═════ Source data
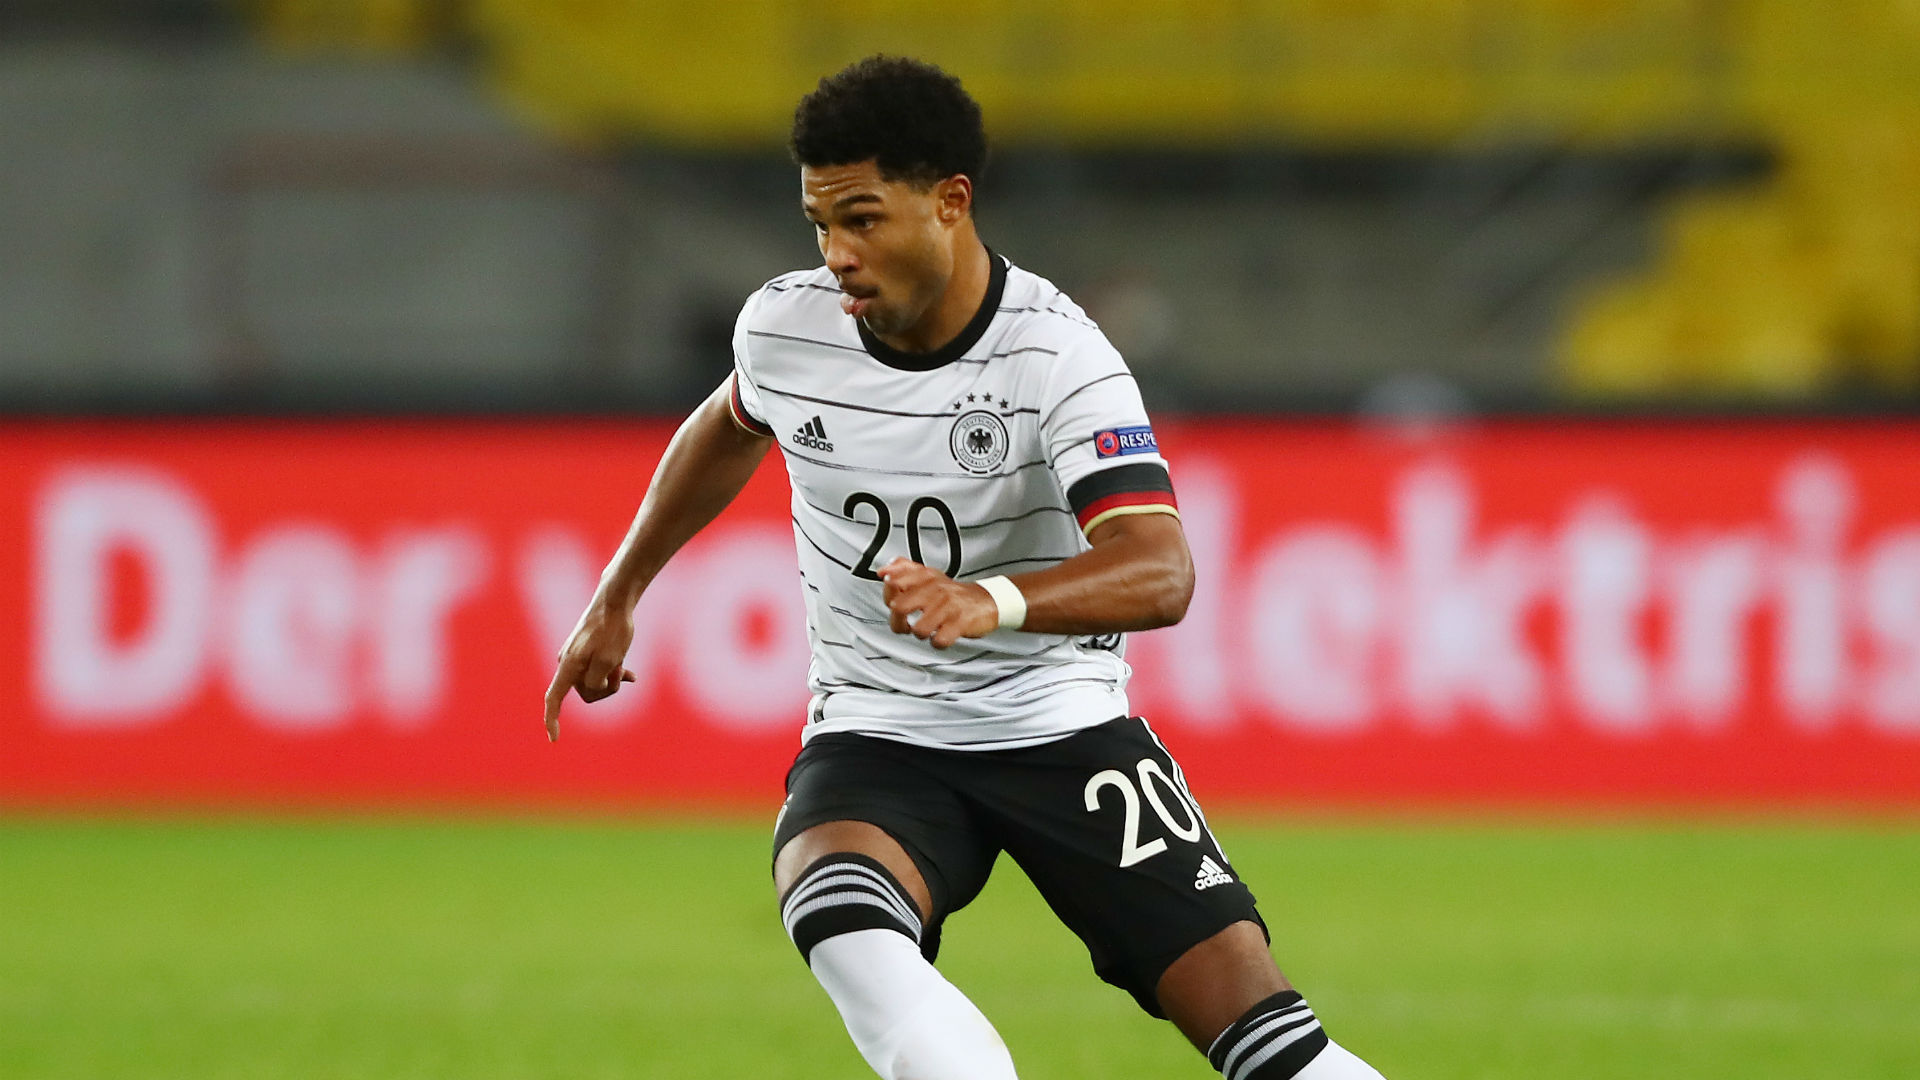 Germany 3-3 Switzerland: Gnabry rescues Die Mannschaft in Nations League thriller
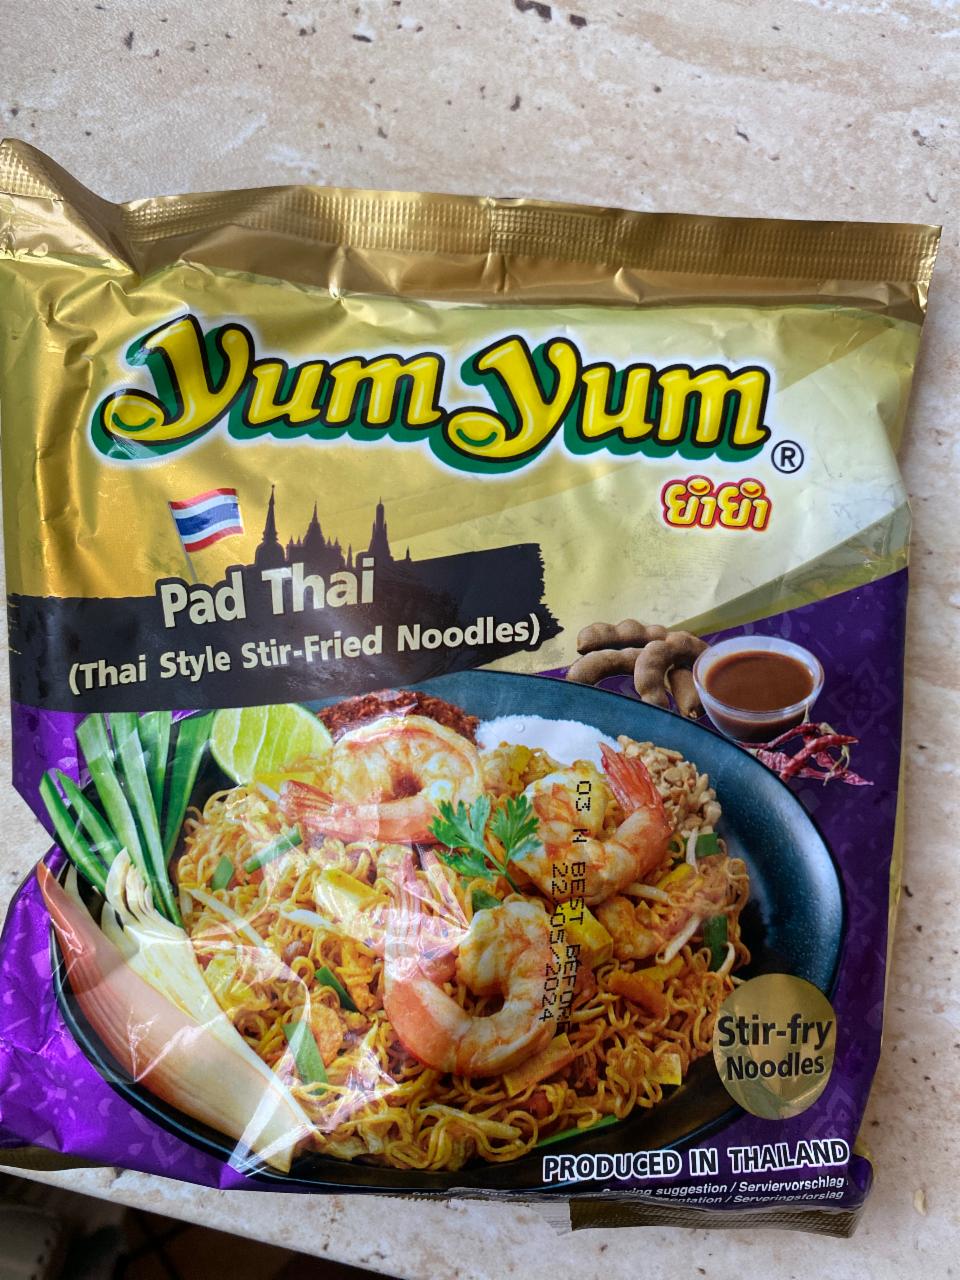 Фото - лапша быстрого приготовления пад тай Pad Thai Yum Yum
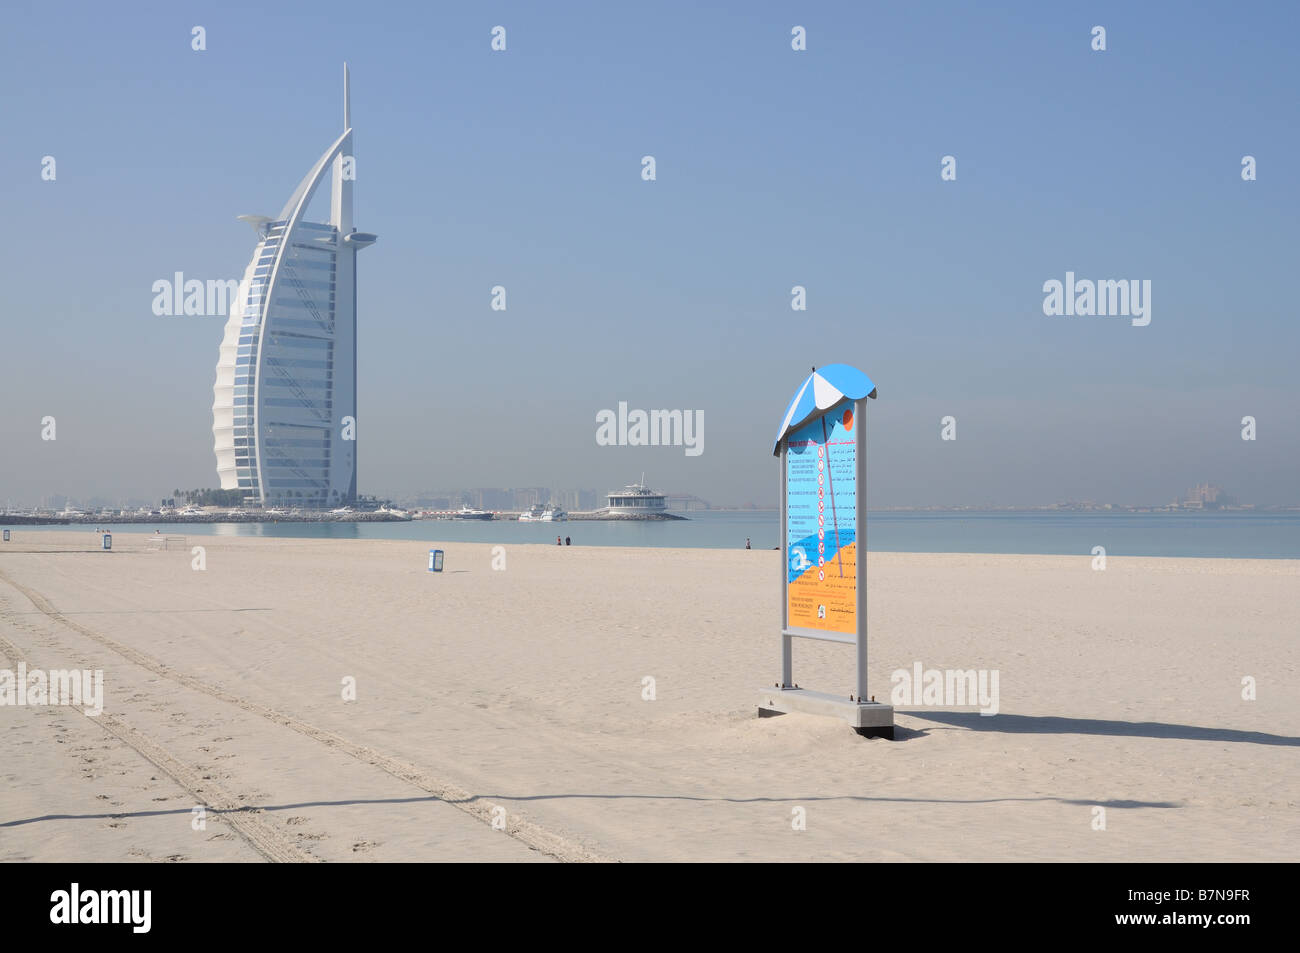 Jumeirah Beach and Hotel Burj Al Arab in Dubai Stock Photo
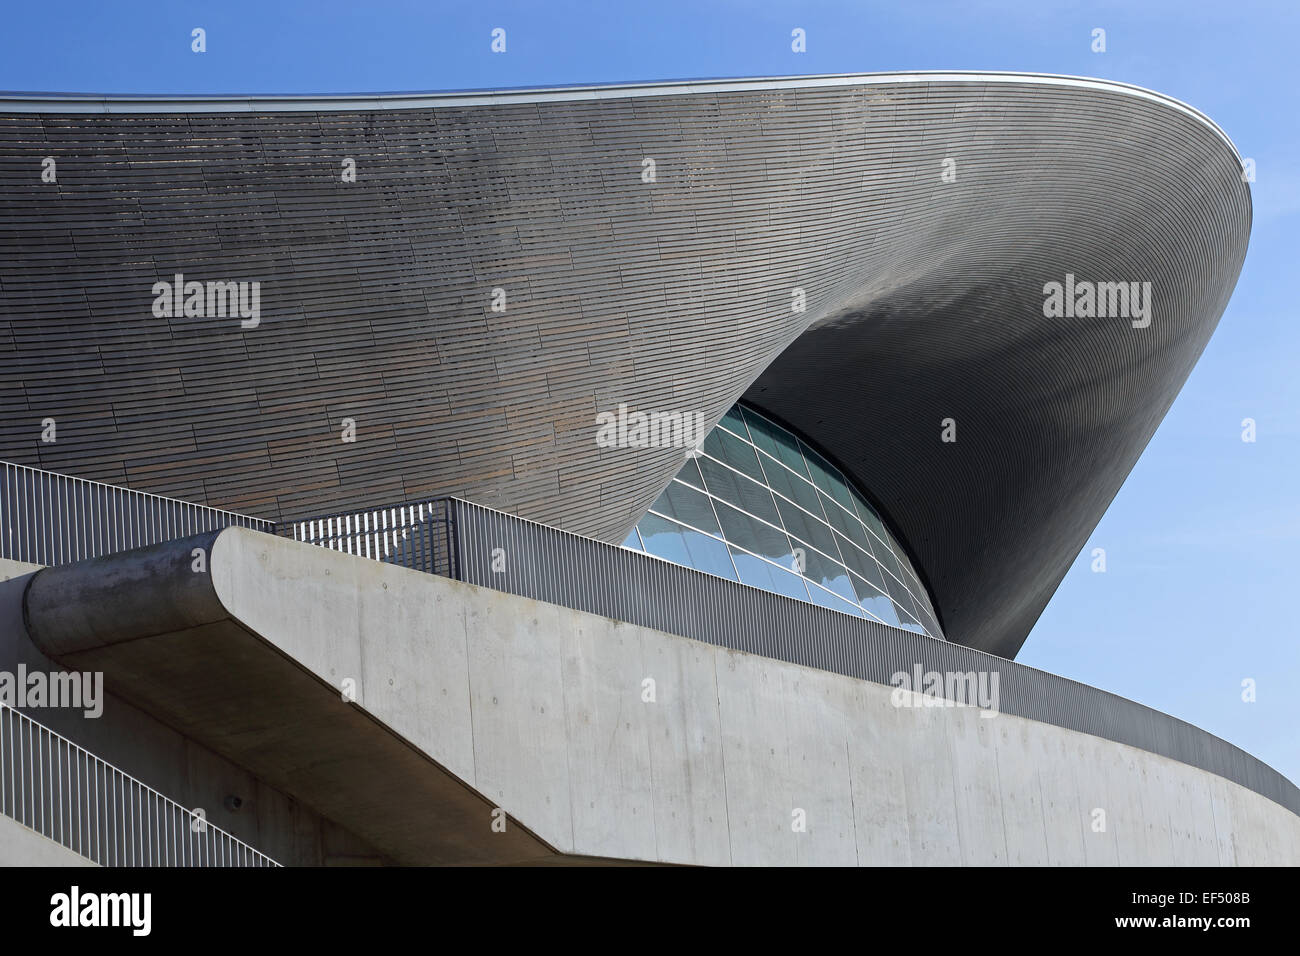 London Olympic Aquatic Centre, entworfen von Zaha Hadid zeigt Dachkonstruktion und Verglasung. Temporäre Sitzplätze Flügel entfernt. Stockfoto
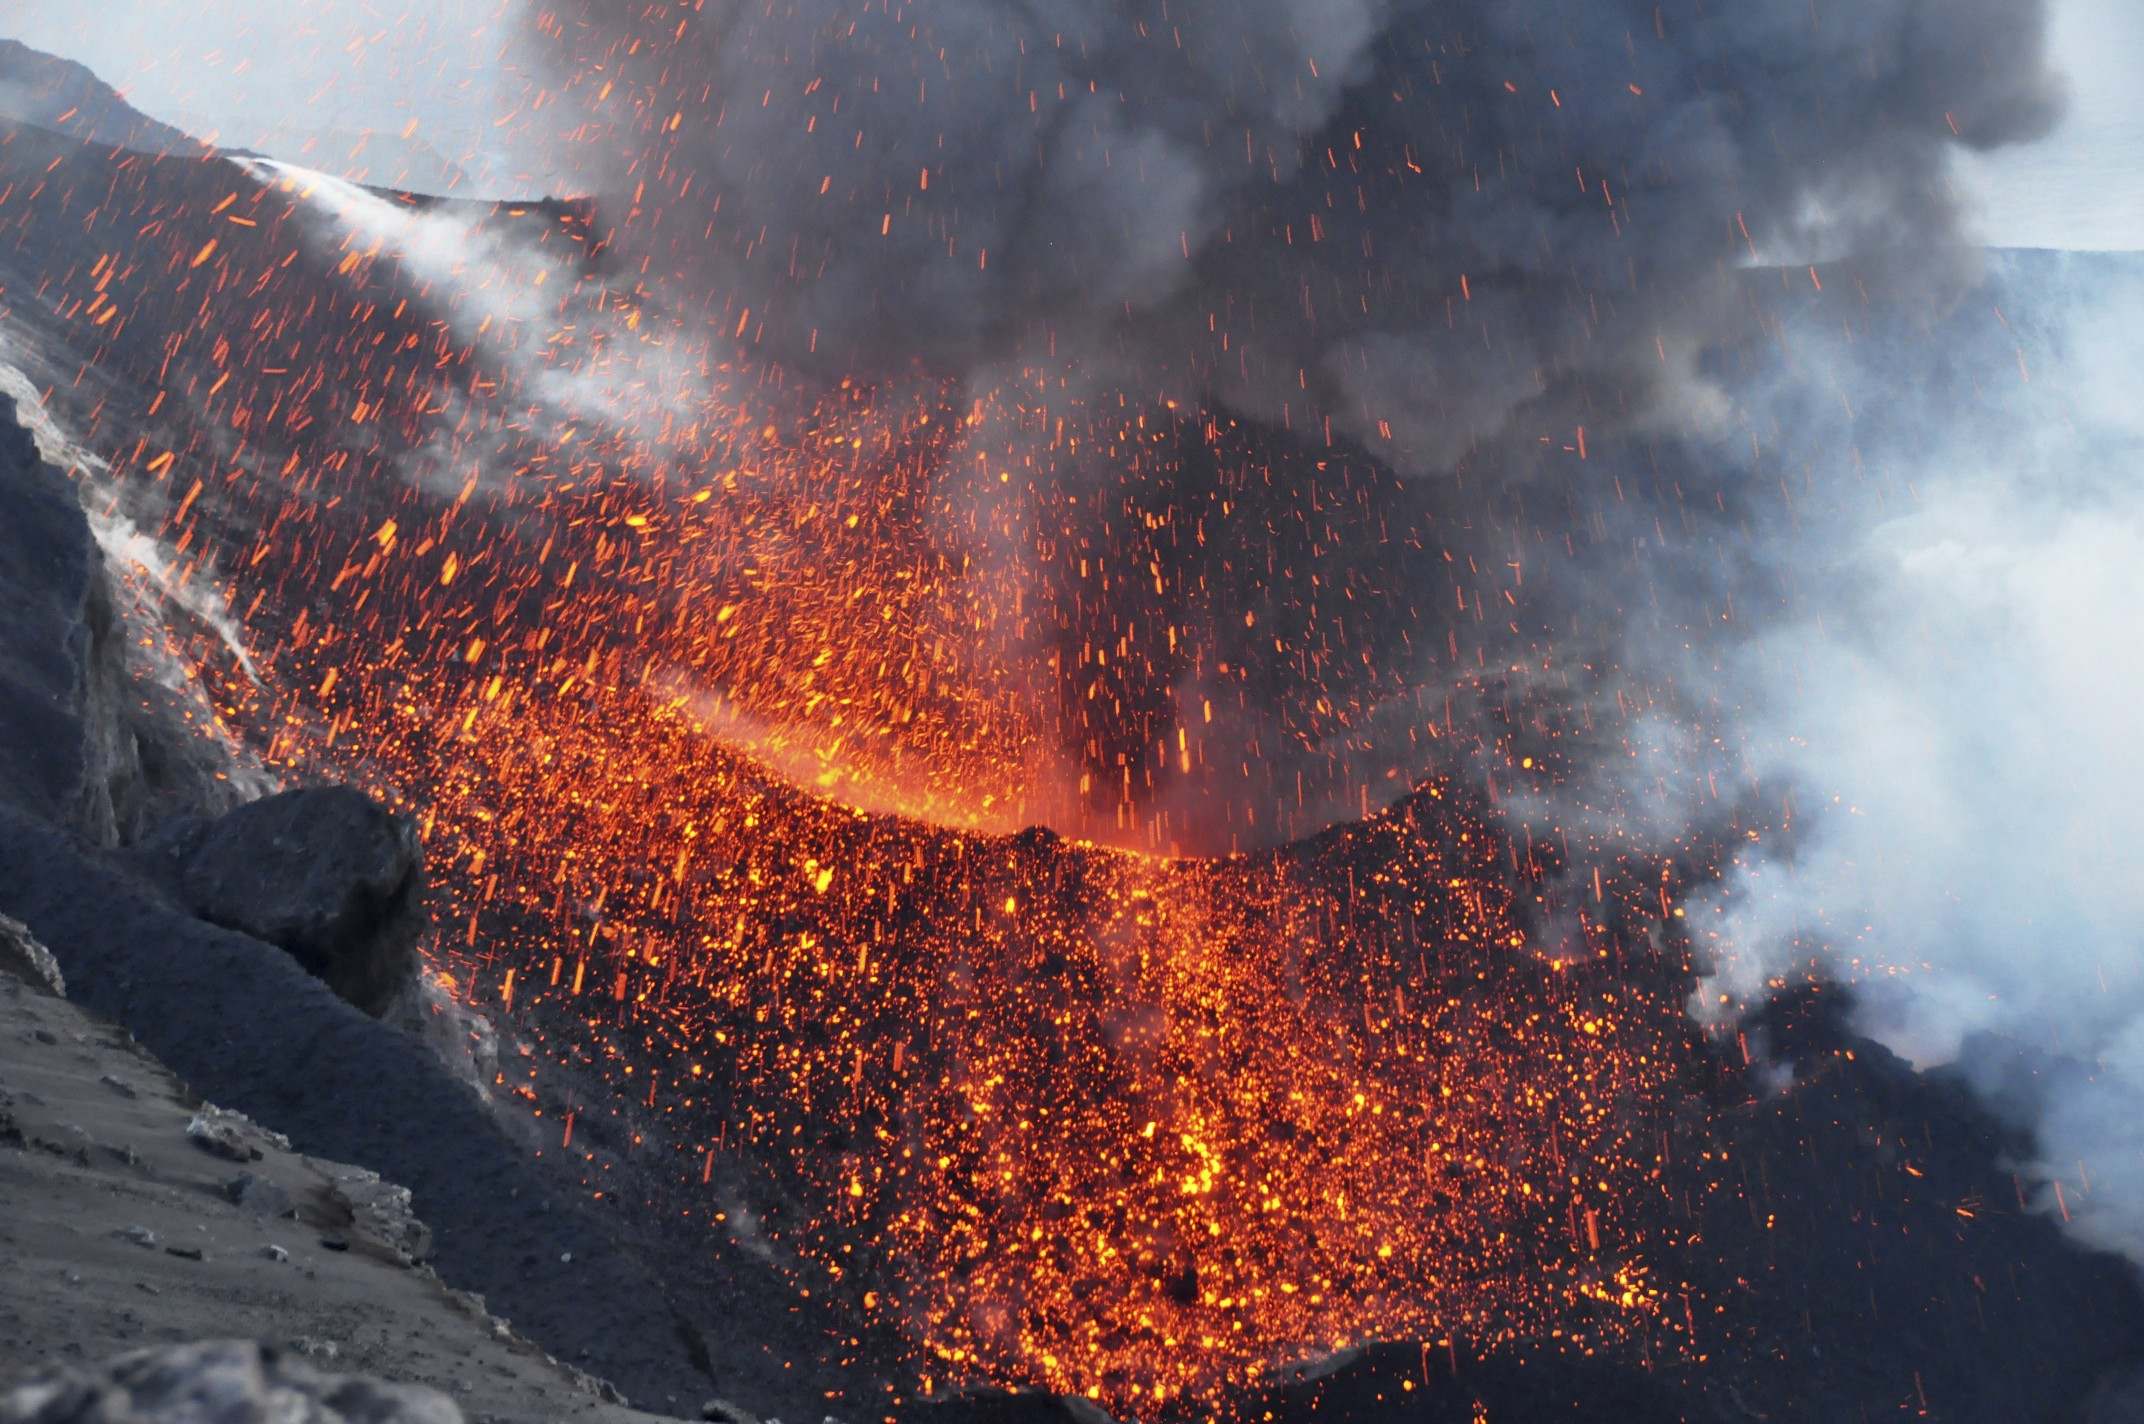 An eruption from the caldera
══════════
• Exercise requirements
Repeat every record above exactly. Omit the pictures.

• Response
 Germany 3-3 Switzerland: Gnabry rescues Die Mannschaft in Nations League thriller
 Фото - лапша быстрого приготовления пад тай Pad Thai Yum Yum
 Jumeirah Beach and Hotel Burj Al Arab in Dubai Stock Photo
 London Olympic Aquatic Centre, entworfen von Zaha Hadid zeigt Dachkonstruktion und Verglasung. Temporäre Sitzplätze Flügel entfernt. Stockfoto
 An eruption from the caldera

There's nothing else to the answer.